*** INFORMATION ***

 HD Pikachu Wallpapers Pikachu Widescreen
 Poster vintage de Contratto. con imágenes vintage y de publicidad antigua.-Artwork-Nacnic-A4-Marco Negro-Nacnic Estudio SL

***
*** INFORMATION ***

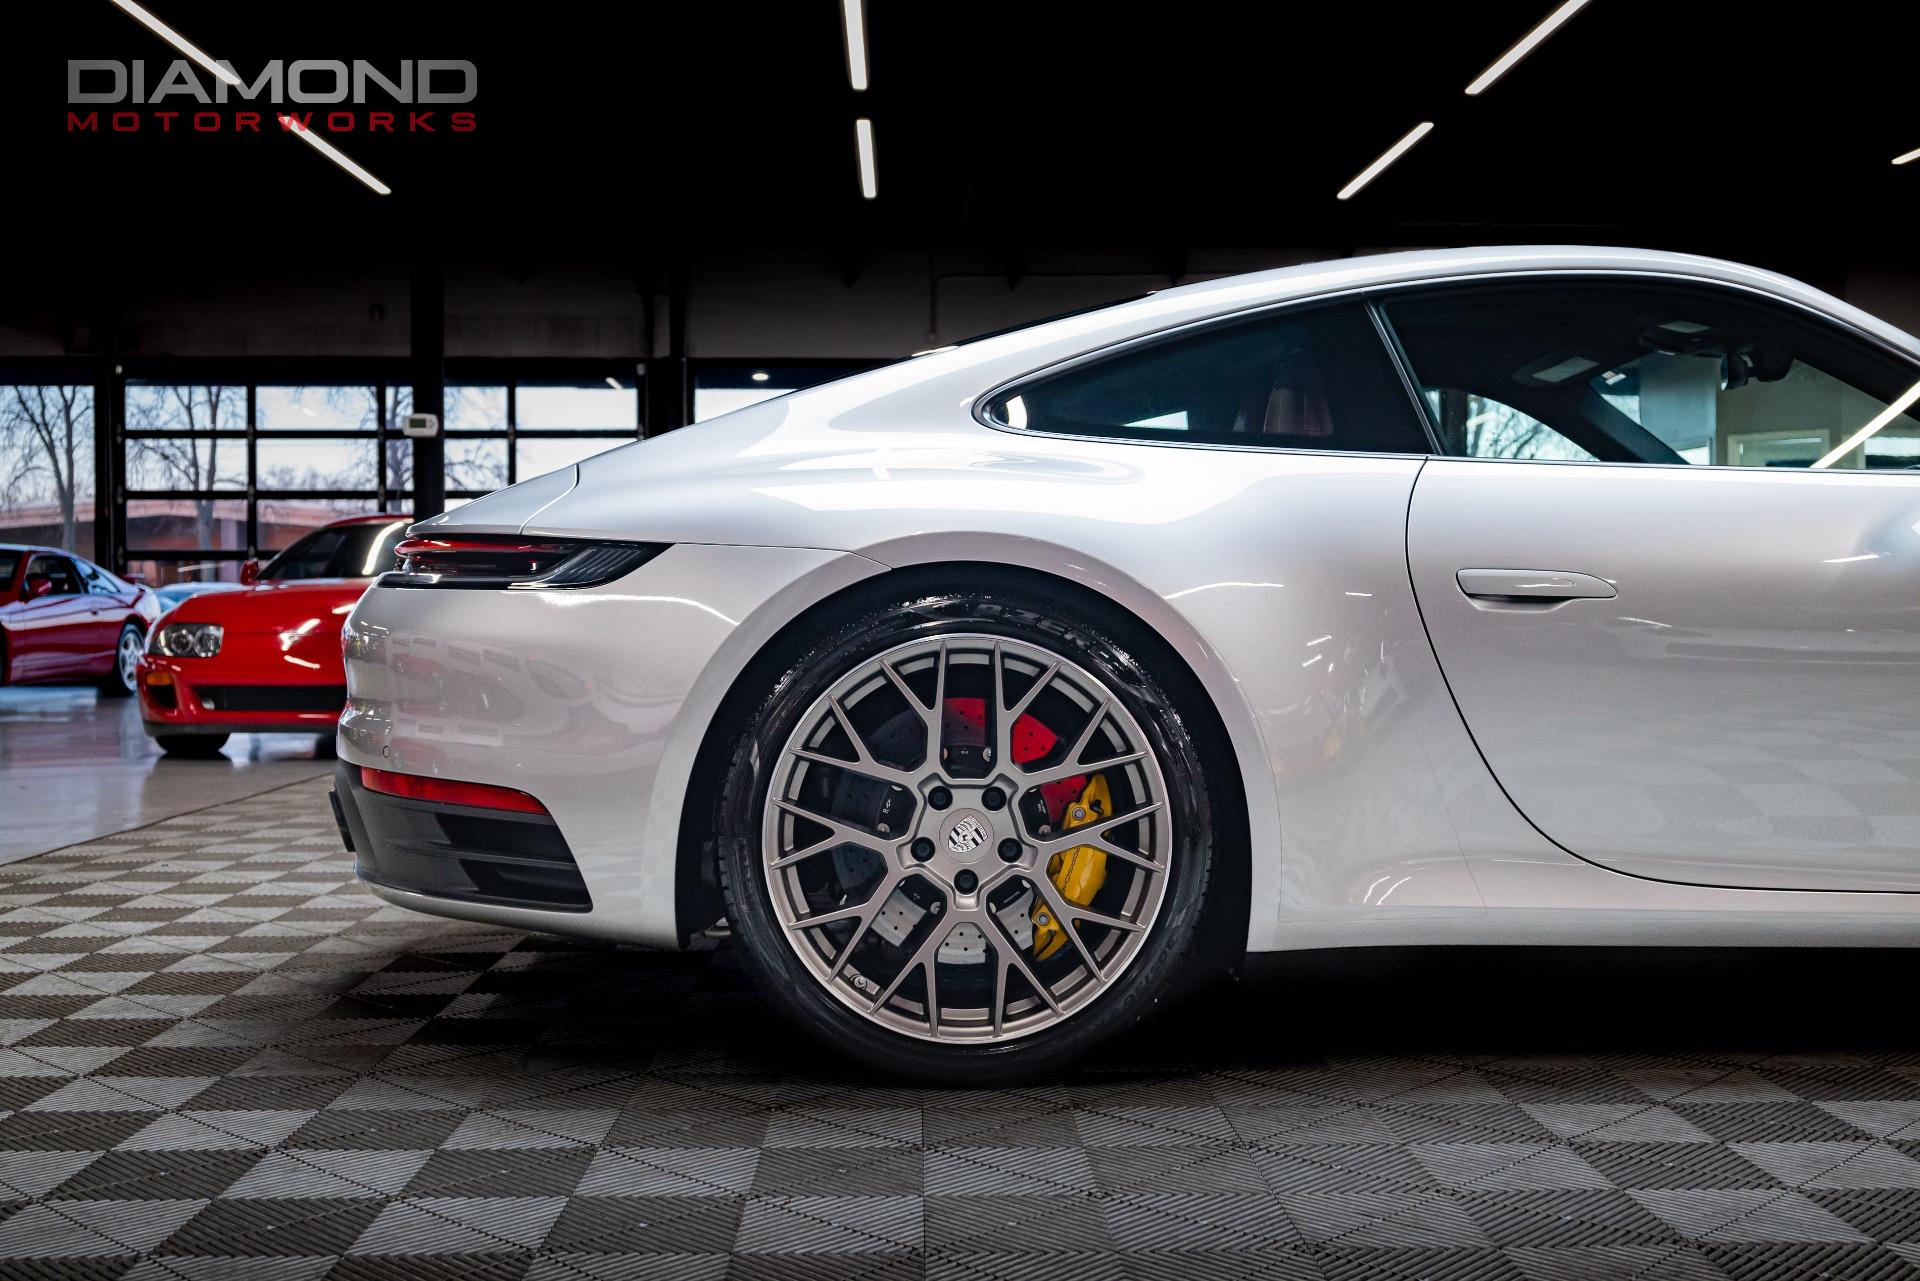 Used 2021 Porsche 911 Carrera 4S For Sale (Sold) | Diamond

***
*** INFORMATION ***

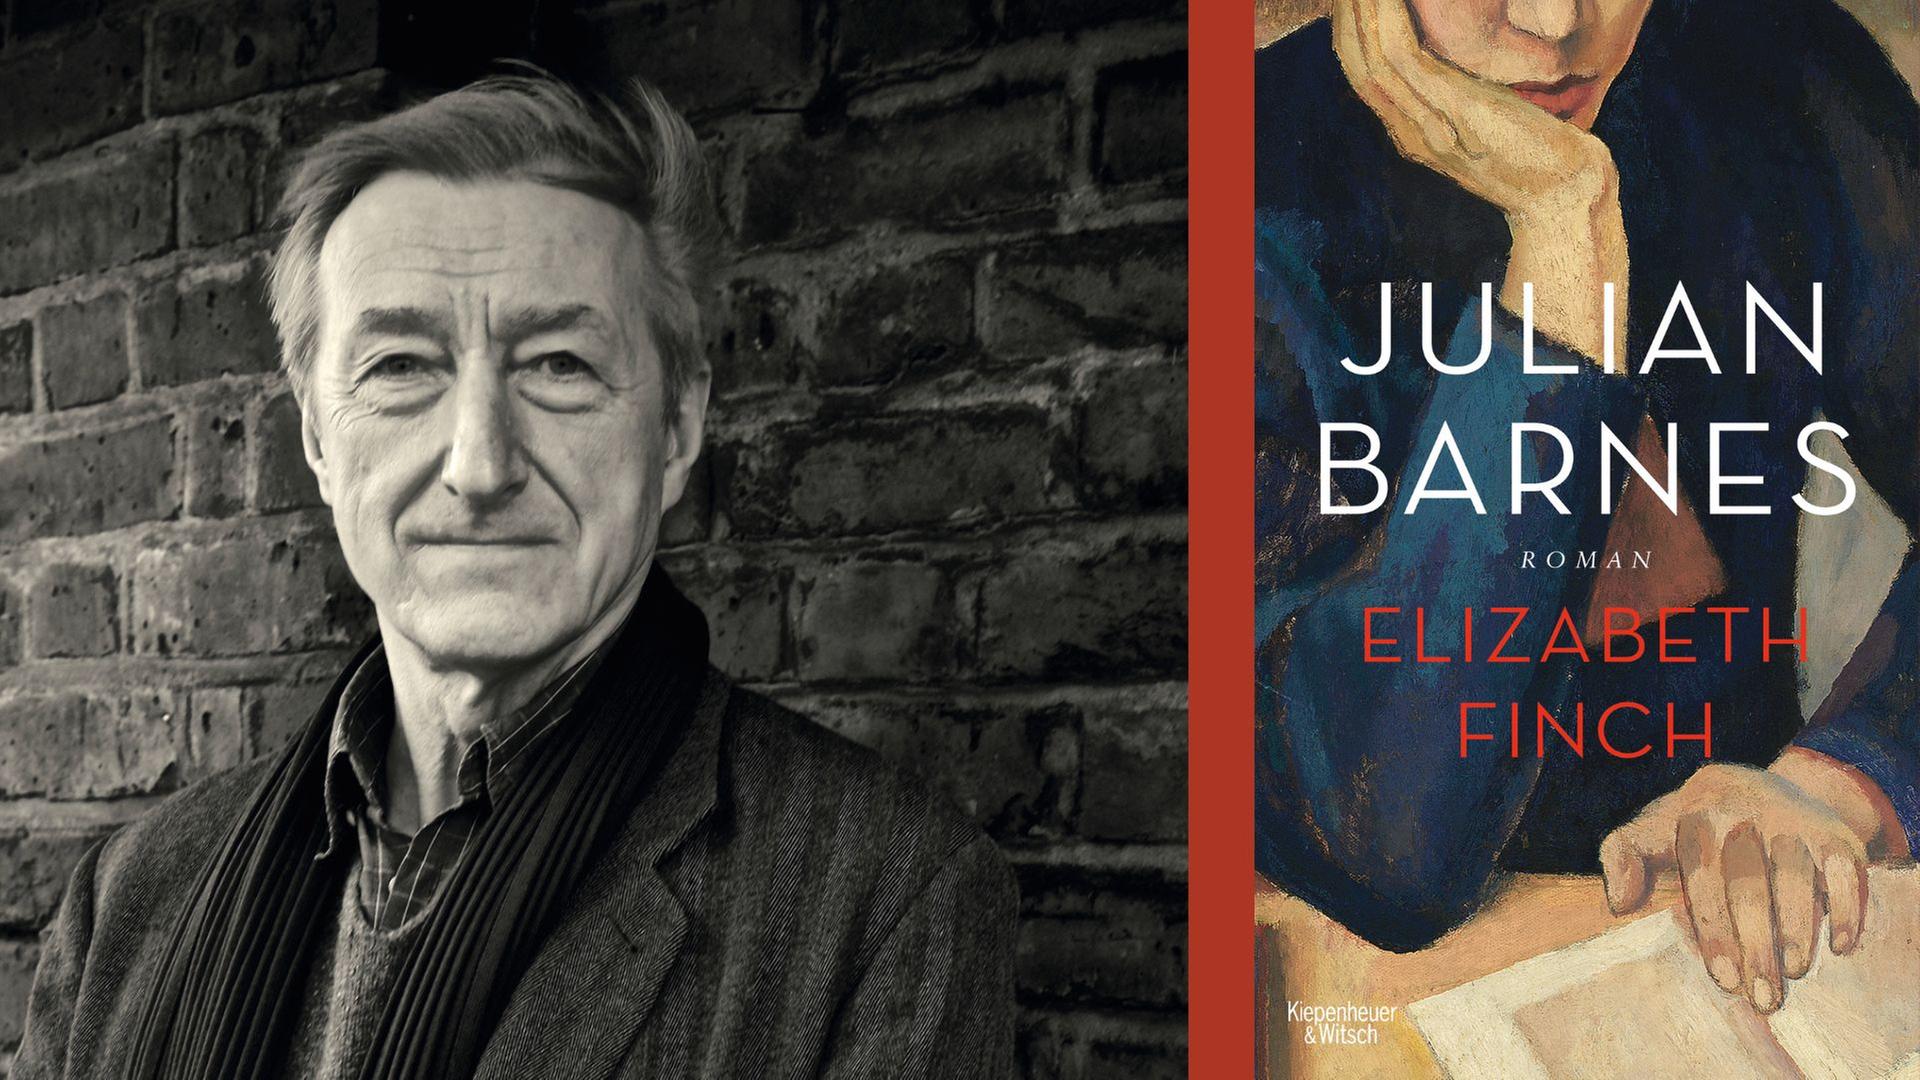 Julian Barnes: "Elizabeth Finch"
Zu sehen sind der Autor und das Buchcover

***

== TASK GOAL ==
Above are the lines; repeat exactly the ones from the line containing "HD Pikachu Wallpapers Pikachu Widescreen" down to the line containing "Poster vintage de", both inclusive.

== RESULT OF THIS EXERCISE ==
 HD Pikachu Wallpapers Pikachu Widescreen
 Poster vintage de Contratto. con imágenes vintage y de publicidad antigua.-Artwork-Nacnic-A4-Marco Negro-Nacnic Estudio SL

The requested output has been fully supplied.